Weyco, Plum Creek Will Own 13 Million Acres

Weyerhaeuser Co. and Plum Creek announced a merger that will leave nearly two-thirds majority ownership in Weyerhaeuser shareholder hands. The combined company creates a $23 billion timber REIT (Real Estate Investment Trust) with more than 13 million acres of timberland in the U.S.

The combined company will retain the Weyerhaeuser name. As previously announced, Weyerhaeuser intends to move its headquarters to Seattle in mid-2016.

Weyerhaeuser brings 6.9 million acres and Plum Creek 6.3 million acres to the deal. The combination becomes the largest private timberland owner in the U.S. and encompasses 7.3 million acres in the South (56% of company land), 3 million in the Pacific Northwest (22%) and 2.6 million in the North (20%). The new venture will also own 323,000 acres in Uruguay.

Plum Creek operates a medium density fiberboard plant, plywood mill and a board sawmill in Columbia Falls, Mont.; a plywood mill in Kalispell, Mont.; and a stud mill in Kalispell/Evergreen, Mont.

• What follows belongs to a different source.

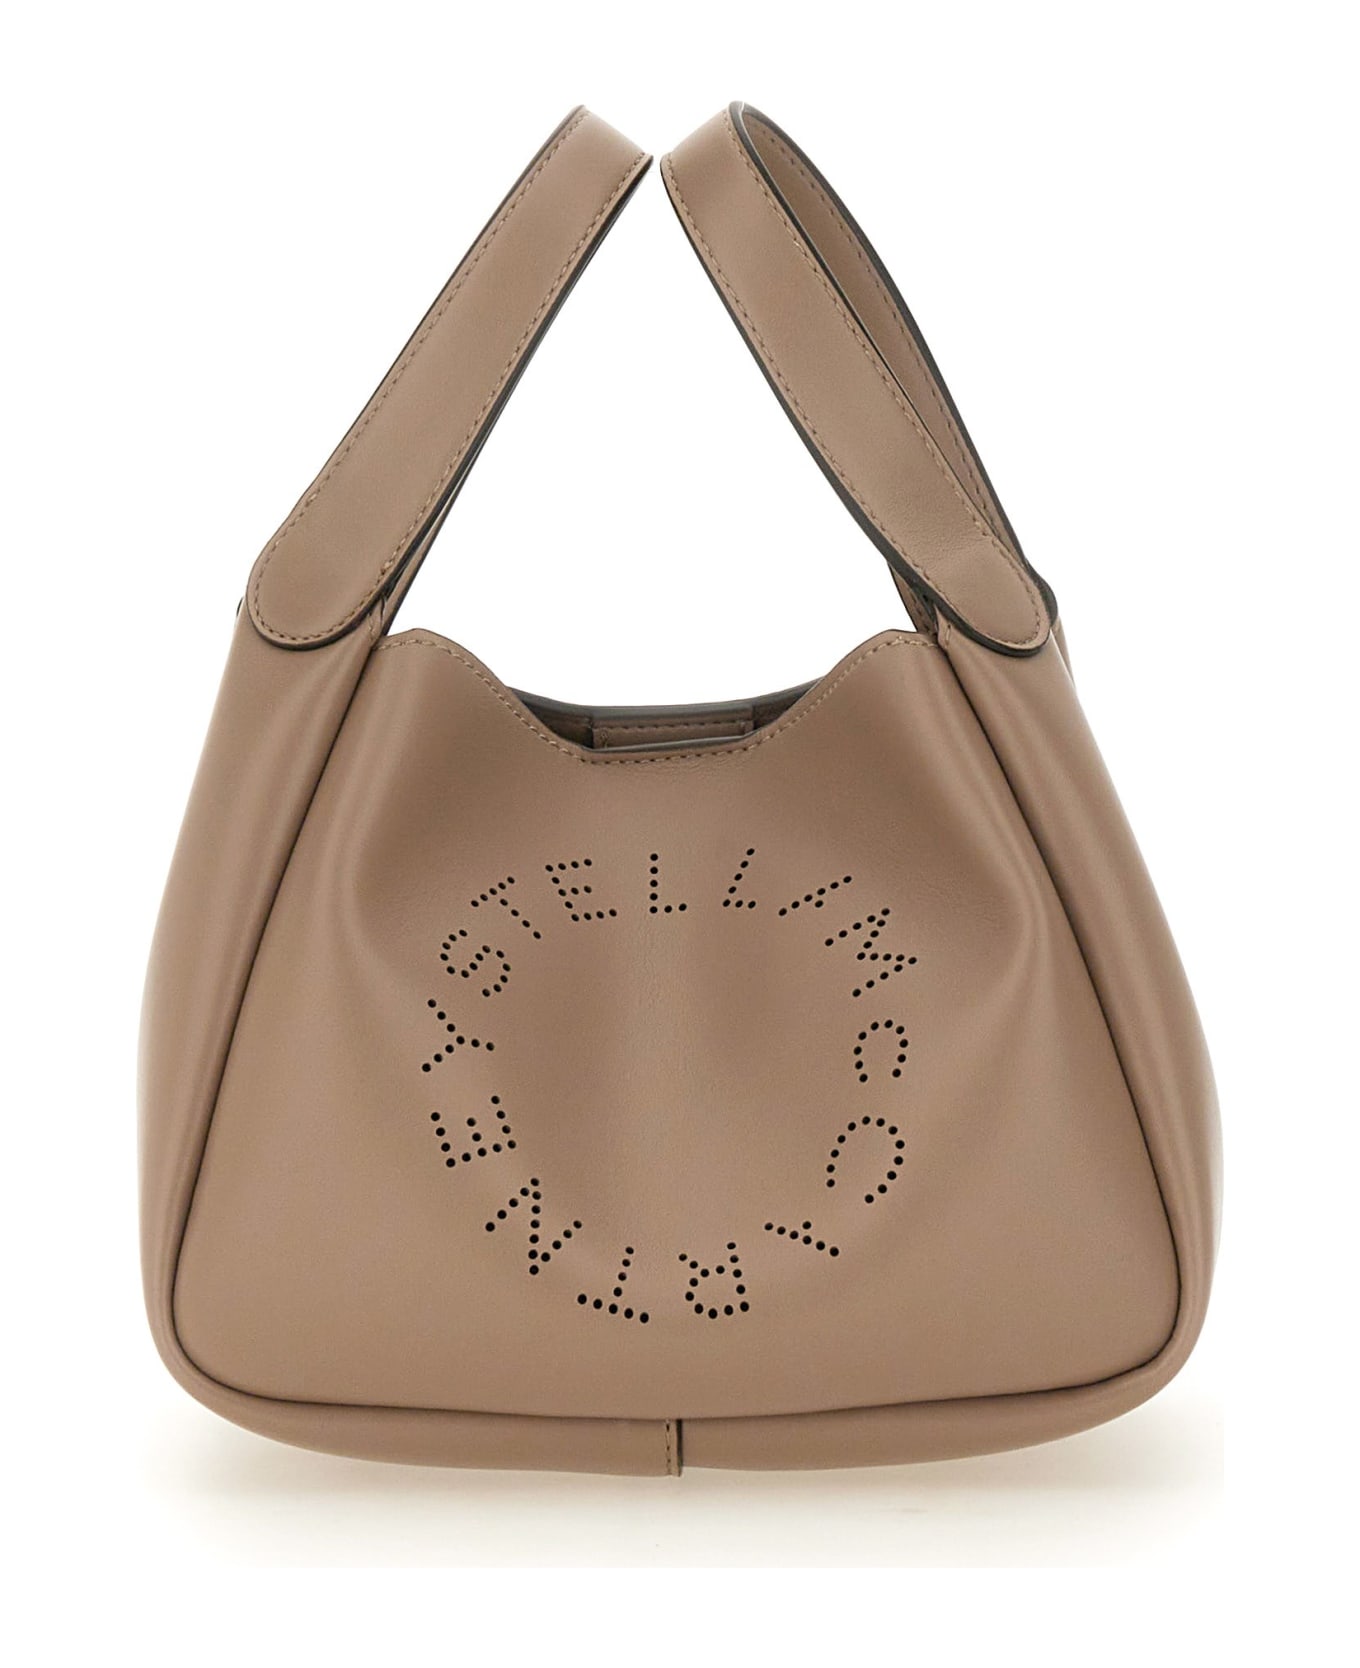 Stella McCartney Shoulder Bag With Logo - BEIGE

Weyerhaeuser operates 11 sawmills in the Southern U.S., four in the Northwest and three in Canada. It also operates six OSB mills, six engineered wood products facilities and three veneer/plywood facilities in North America.

Weyerhaeuser also announced it is exploring “strategic alternatives” for its Cellulose Fibers business, including a possible sale. The company’s Cellulose Fibers business includes pulp mills in Port Wentworth, Ga.; Vanceboro, NC; Grande Prairie, Alberta; and a modified fiber mill in Columbus, Miss.; as well as other facilities internationally.

Weyerhaeuser’s Doyle Simons will serve as president and CEO of the combined company. Plum Creek’s Rick Holley will serve as non-executive chairman of Weyerhaeuser’s board, which will be expanded to 13 directors, which will include eight directors from Weyerhaeuser and five from Plum Creek.

The transaction requires the approval of shareholders of both Weyerhaeuser and Plum Creek and is subject to customary closing conditions. The transaction is expected to close in late first quarter or early second quarter of 2016.